All the victim traffic that has passed the anti-spoofing authentication and was not 
stopped by the filter flows through the statistical unit. The statistical unit analyzes the 
traffic and identifies malicious sources (i.e., compromised sources), and provides 
operational rules for blocking the attack without disturbing innocent genuine traffic. 
The basic principle behind the unit's operation is that the pattern of traffic originating 
from a black-hat daemon drastically differs from the pattern generated by such a 
source during normal operation. In contrast, traffic patterns of "innocent" sources 
during an attack resemble their traffic at normal times. This principle is used to 
identify the attack sources and provide guidelines for their blockage by either the 
fiher or the access lists of the routers. For example, the volume of a traffic from an 
attacking daemon, the distribution of packet sizes, port numbers, the distribution of 
the packets inter arrival times, and the ratio of inbound and outbound traffic are all 
parameters that may indicate that a source (client) is an attacking daemon. 

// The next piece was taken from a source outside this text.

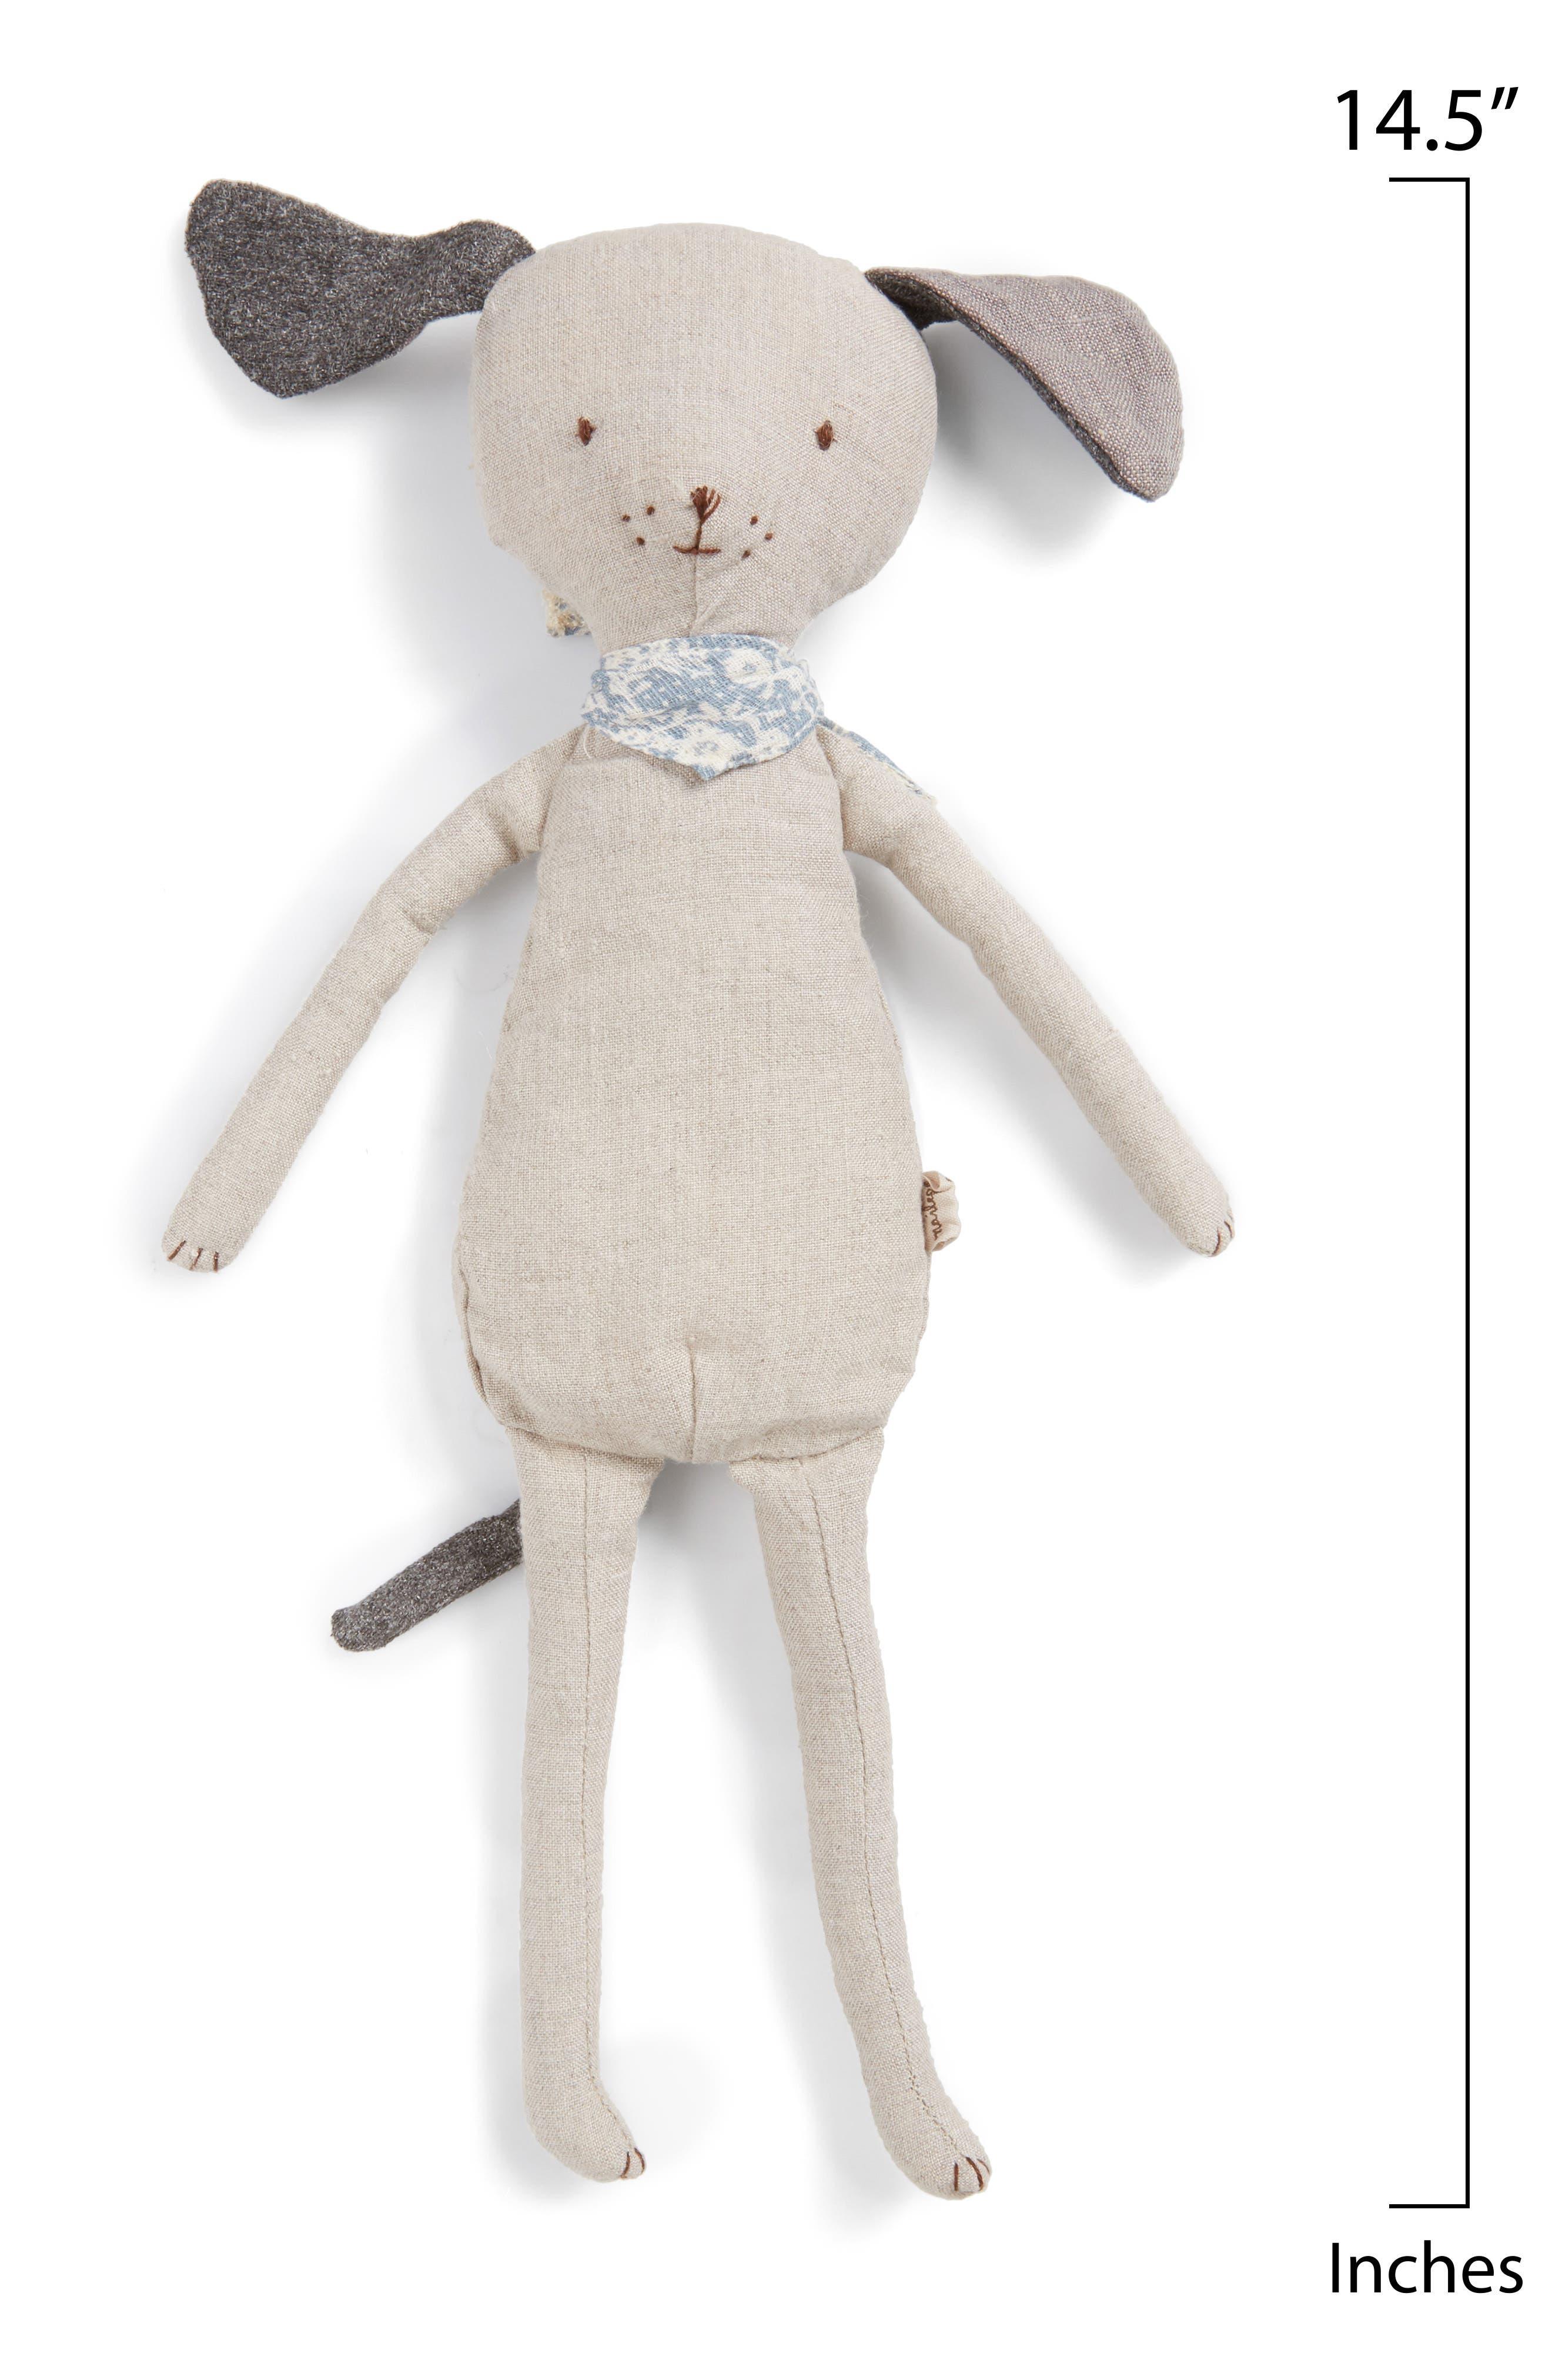 Best Friends Stuffed Dog,                             Alternate thumbnail 2, color,                             900

The statistical unit has two major tasks: 

1. Learning the traffic patterns during normal operation, i.e., when no 
attack is being mounted. These patterns are used while defending a victim during 
an attack to compare with the actual traffic in order to distinguish the malicious 
traffic from genuine traffic. We consider three possible ways in which this 
learning can be done: (1) Using the routers NetFlow data, (2) Analyzing the 
server logs at the victim server, and (3) Analyzing the potential victim traffic at 
the guard by having the traffic diverted to the guard from time to time for 
randomly sampling it. 

2. Monitoring the victim traffic during an attack to identify and isolate 
the malicious traffic from the good genuine traffic. The identity of the attacking 
host is then given to the filter or the neighboring routers that would then drop any 
packet arriving from that host. 



5.1 Network flows and traffic classification 

The basic element studied by the statistical unit is a flow. Each flow is a 
sequence of packets belonging to the same connection. In the most general way a 
flow is identified by the following parameters: Source IP address. Source port. 
Destination port. Protocol type, time of day and day of week of connection creation. 
The destination IP address is implied since we collect all the information per 
destination address. For each such flow the traffic volume is registered. 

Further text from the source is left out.